The Question
Chatham Arts Council board member Lesley Landis has lived in East Tennessee, Durham, and Chapel Hill, but none have had a creative culture like Chatham County. This realization led Landis to ask, “What accounts for the creative culture that Chatham is known for?”
The Answer
Artistic expression has been present in Chatham County since the time when Native Americans lived in a swath of the county. Fragments of simple stamped pottery near the Haw River have suggested the art belonged to the Sissipahaw. Mandolin player Tony Williamson says he has found thousands of these pottery pieces on his farm.
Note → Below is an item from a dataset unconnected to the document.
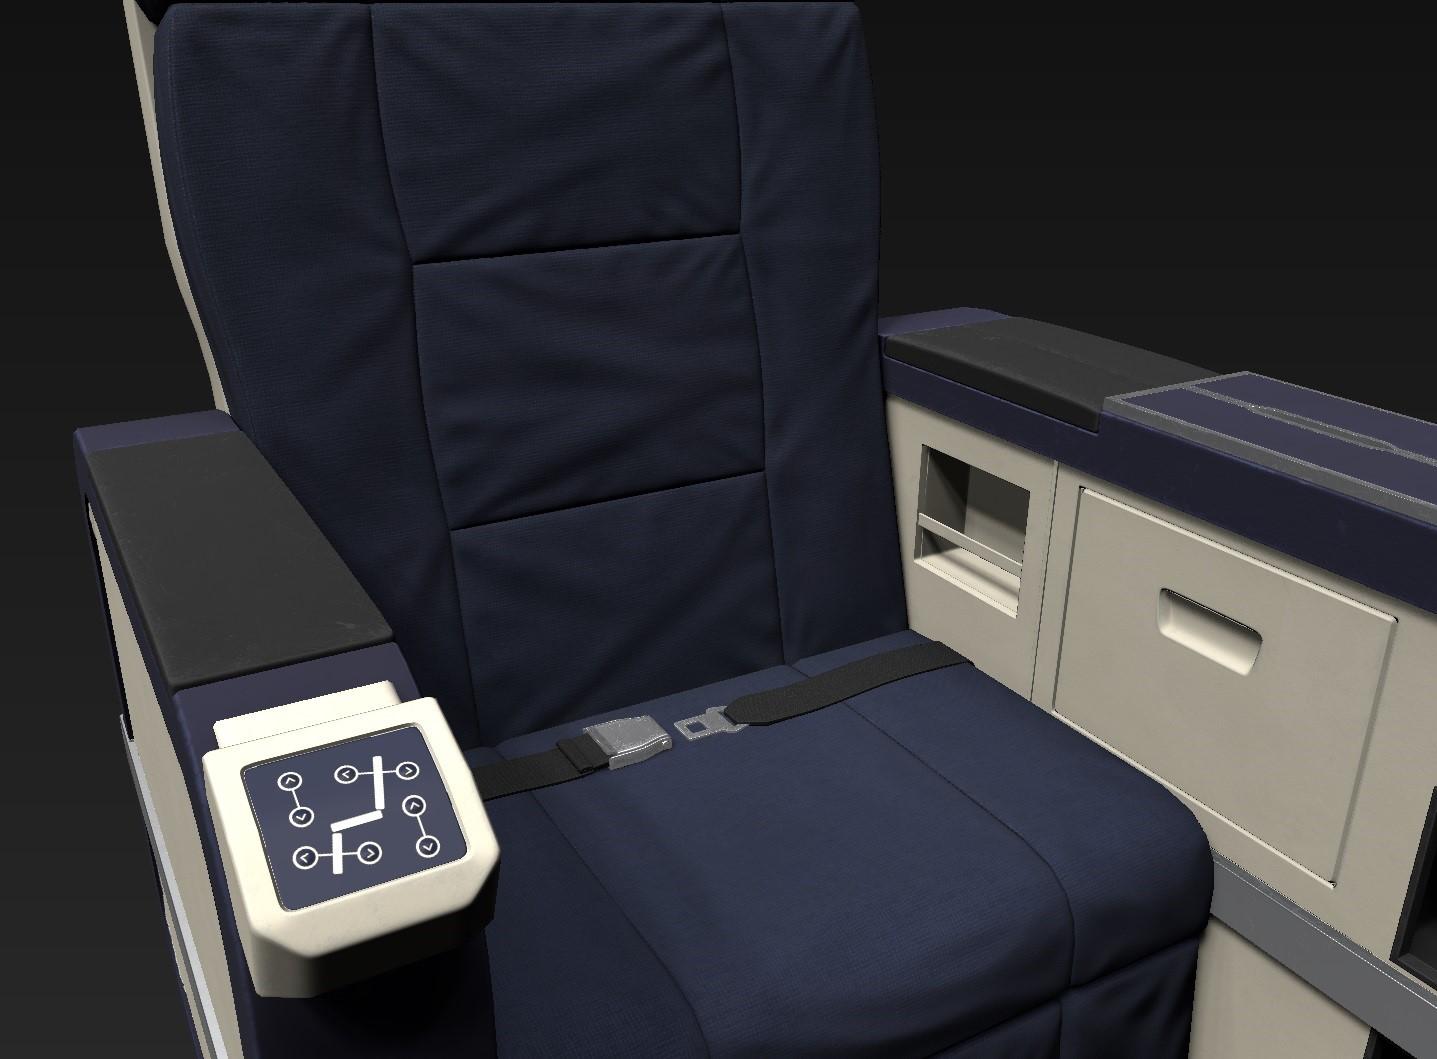 Airplane_Seat_22.jpg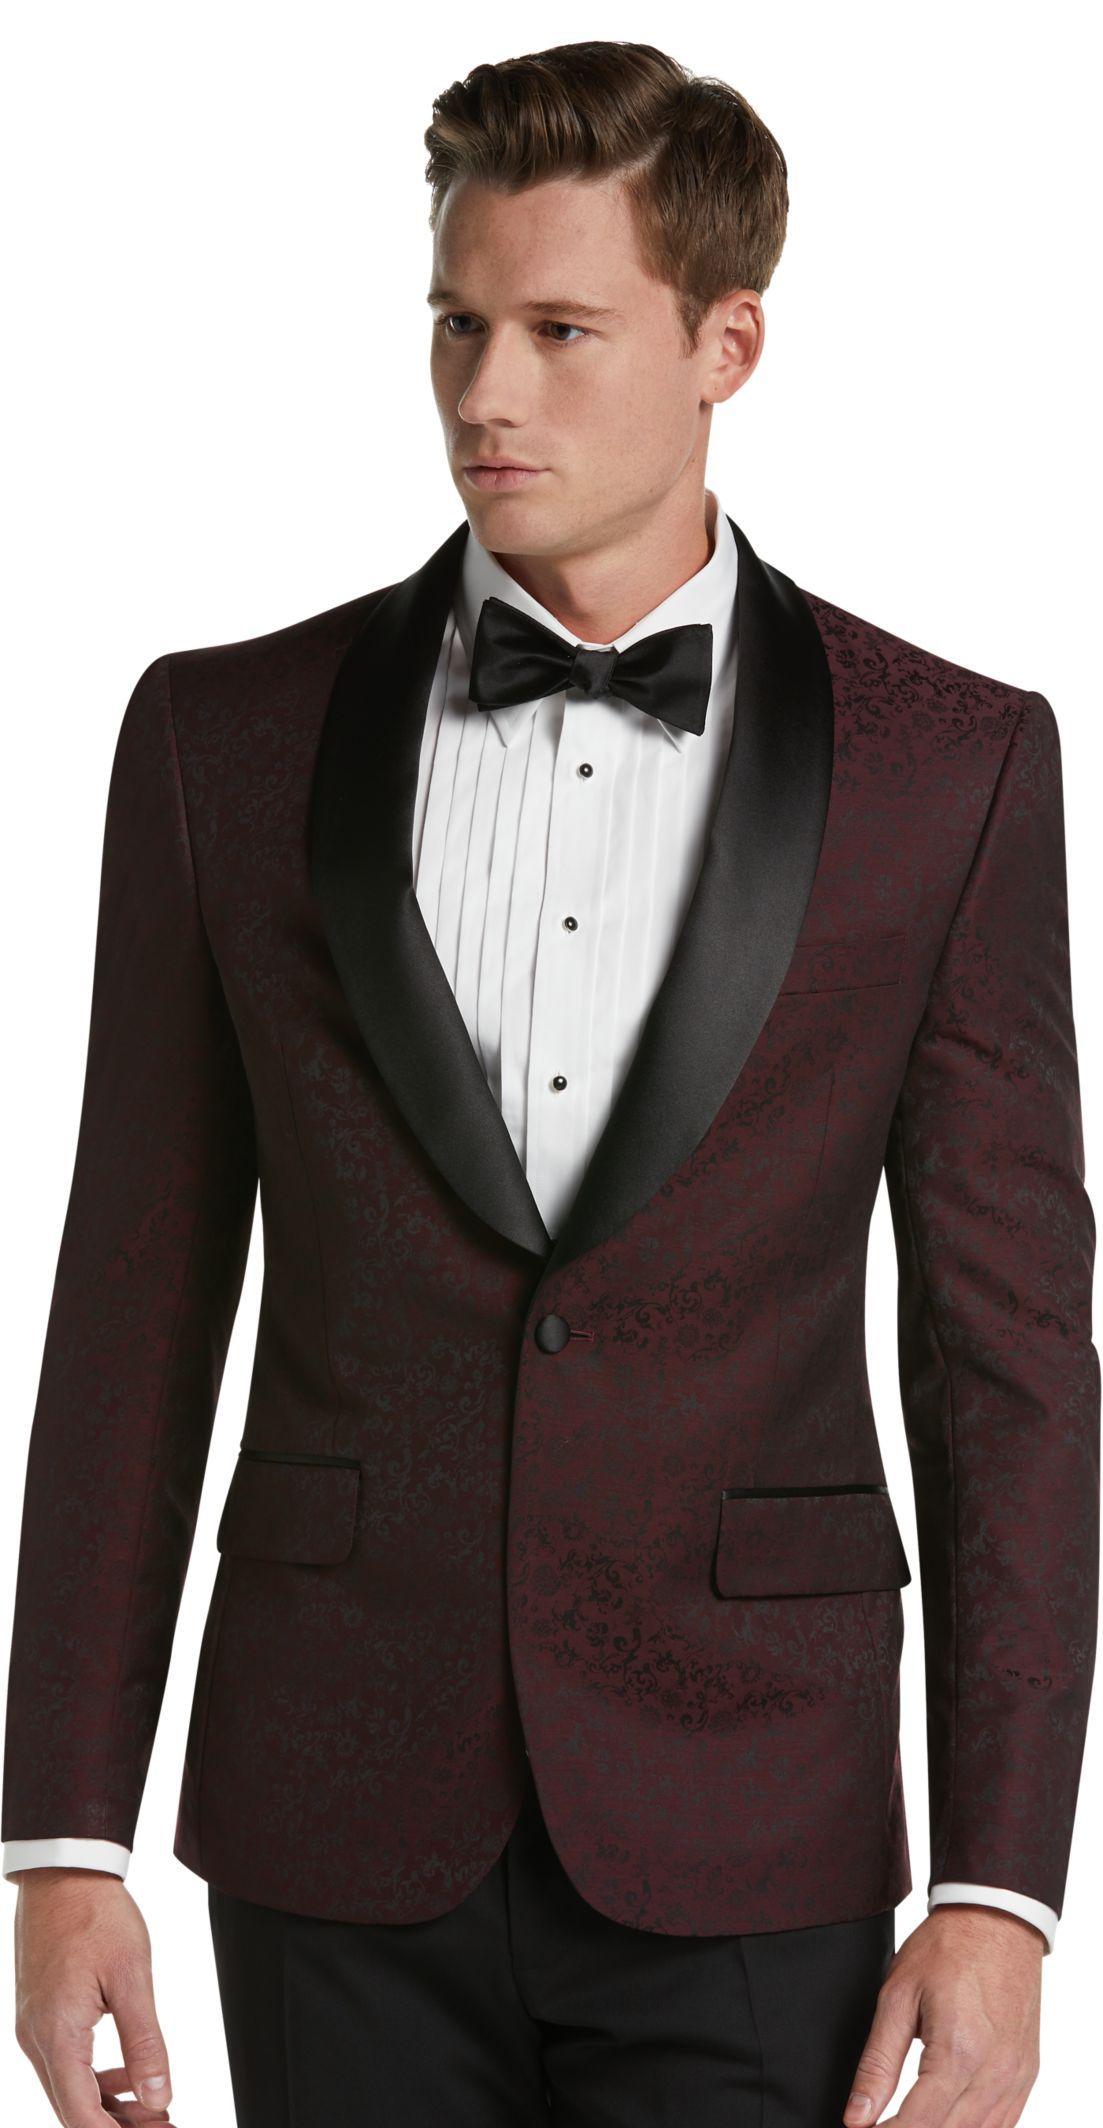 Jos. A. Bank Slim Fit Tonal Floral Pattern Dinner Jacket

Williamson says his family has been in the rural Piedmont area since the 1700s, and attributes the creative culture in Chatham to the tradition and purpose of art in the past. He says he remembers playing various instruments, and that while he played, “everybody who didn’t play music would be shuckin’ the corn.”
Because of examples like this, Williamson says that art in the area developed out of its connection with function.
Quilting bees exemplify both the connection and function Williamson talks about. Quilting is a practice rooted in the need for bedcovers for families. Out of this need, quilting bees became an opportunity for women to share their artistry. These gatherings characterized social life of rural Chatham County, especially in the African American population. Williamson says he still has quilts made by his grandmother and great-grandmother.
Musician and Chatham Arts Council member Tommy Edwards says influential figures, like Superintendent Perry Harrison, encouraged art projects in the public school system throughout his tenure starting in the late 60s. Edwards says throughout Harrison’s administration, art teachers travelled to the middle and high schools of Chatham and facilitated activities with students. As an artist himself, Harrison created the artwork in the main entryway of the Perry Harrison Elementary School.
Contemporary growth is partly due to the opportunities in Chatham, said Edwards, whose wife was a director of one of these opportunities – the NC Arts Incubator. The Chatham-based nonprofit was founded in 2002 and its Siler City location provides new artists space to work and exhibit their visual, musical, and sculptural talent.
In addition, organizations like the Chatham Arts Council and the Chatham Arts Guild have supported local artists. According to Landis, kids’ carnival ClydeFEST is held by the Chatham Arts Council and attracts 2,000 visitors a year. Events like the Chatham Studio Tour have also brought visitors to the studios of artists scattered around Chatham County annually since 1992. The Shakori Hills GrassRoots Festival is a biannual music festival held by the Shakori Hills Community Arts Center that celebrates music and dance in Pittsboro. According to their 2017 annual report, over 7,000 people attended the spring festival and over 5,000 people attended the fall festival.
Both Edwards and Williamson say location is another reason for Chatham’s creativity. According to Edwards, Chatham’s artistic appeal has been its close proximity to opportunities places like the Triangle for showcasing the artist’s work. Edwards says he remembers playing in Carrboro-based Cat’s Cradle with his own band every week in the 70s and early 80s.
Tony Williamson viewed Chatham’s appeal in its opposite ability to be an inspirational place for artists to do their work. “A lot of artists tend to be refugees from modernization,” Williamson says. In Williamson’s opinion, Chatham gives artists a cheap space to focus.
Pointing to a specific reason for Chatham’s artistic reputation is complicated. But location, history, and tradition all seem to play a role in the development of Chatham’s creative culture. And these elements somehow combine to make a community that attracts visitors to art Williamson describes as a “quilting bee, corn-shuckin’ sensibility”.
“That’s the magic of Chatham County art,” Williamson says. “It’s actually something that comes from another time.”
Information gathered from:
“Because I Needed Some Cover”: Afro-American Quiltmakers of Chatham County, North Carolina by Mary Anne McDonald
“Challenges and Feasibility of Rural Arts-Based Economic Development: A Case Study of Chatham County, North Carolina” by Rachel Fleming
Indian Communities on the North Carolina Piedmont A.D. 1000 to 1700 by H. Trawick Ward and R.P. Stephen Davis Jr.